Some tropical forests are becoming carbon sources


Aerial view showing a tropical wildfire on 7 October 2020.

Aerial view showing a tropical wildfire on 7 October 2020.
Photo: Matas Morbak (Getty Images)

For years, climate scientists have been sounding the alarm about the growing possibility that the Amazon rainforest, now the largest absorber of carbon in the world, may actually occur Be a source of carbon inside Just 15 years. New research suggests that for some other types of tropical forests nearby, this is already happening.

This is due in large part to deliberate forest burning. In South America, the mining, animal husbandry, and soybean farming industries often desolate trees, turning forests into open pastures to make room for their operations.

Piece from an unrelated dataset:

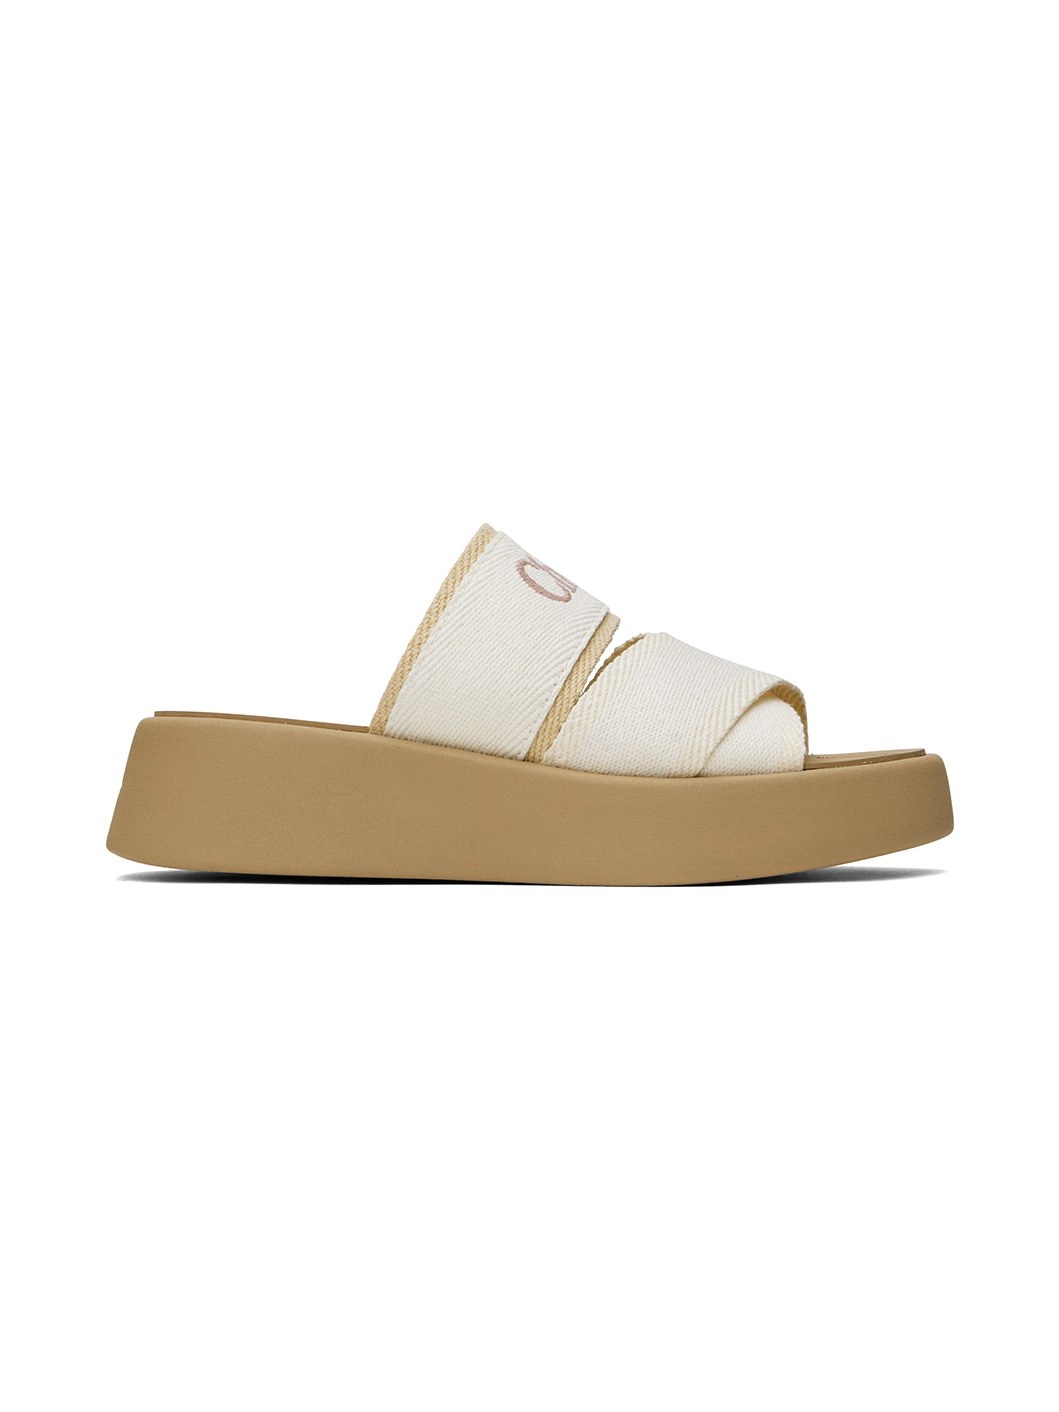 White Mila Slide Sandals - 1

This means that forests are less likely to suck greenhouse gas out of the atmosphere. To make matters worse, when a tree catches fire, it releases all carbon in its lifetime, which means that forests become a source of planet-warming emissions. And amid the climate crisis, this problem is even more severe, because between the hot and dry conditions, the forests have not produced enough humidity to quickly flush out the flames, which means more area less effort. Burns with

a New studyIt was published in Science Advance on Friday, aimed at how the carbon intake of South American forests has changed in recent years. To do this, the authors analyzed greenhouse gas monitoring data from 1987 to 2020 on 32 deciduous, semi-deciduous and evergreen forests, each of which has seen deforestation – in the lush state of Minas Gerais in southeastern Brazil. In total, the area they investigated, spread over some 81.5 acres (33 hectares).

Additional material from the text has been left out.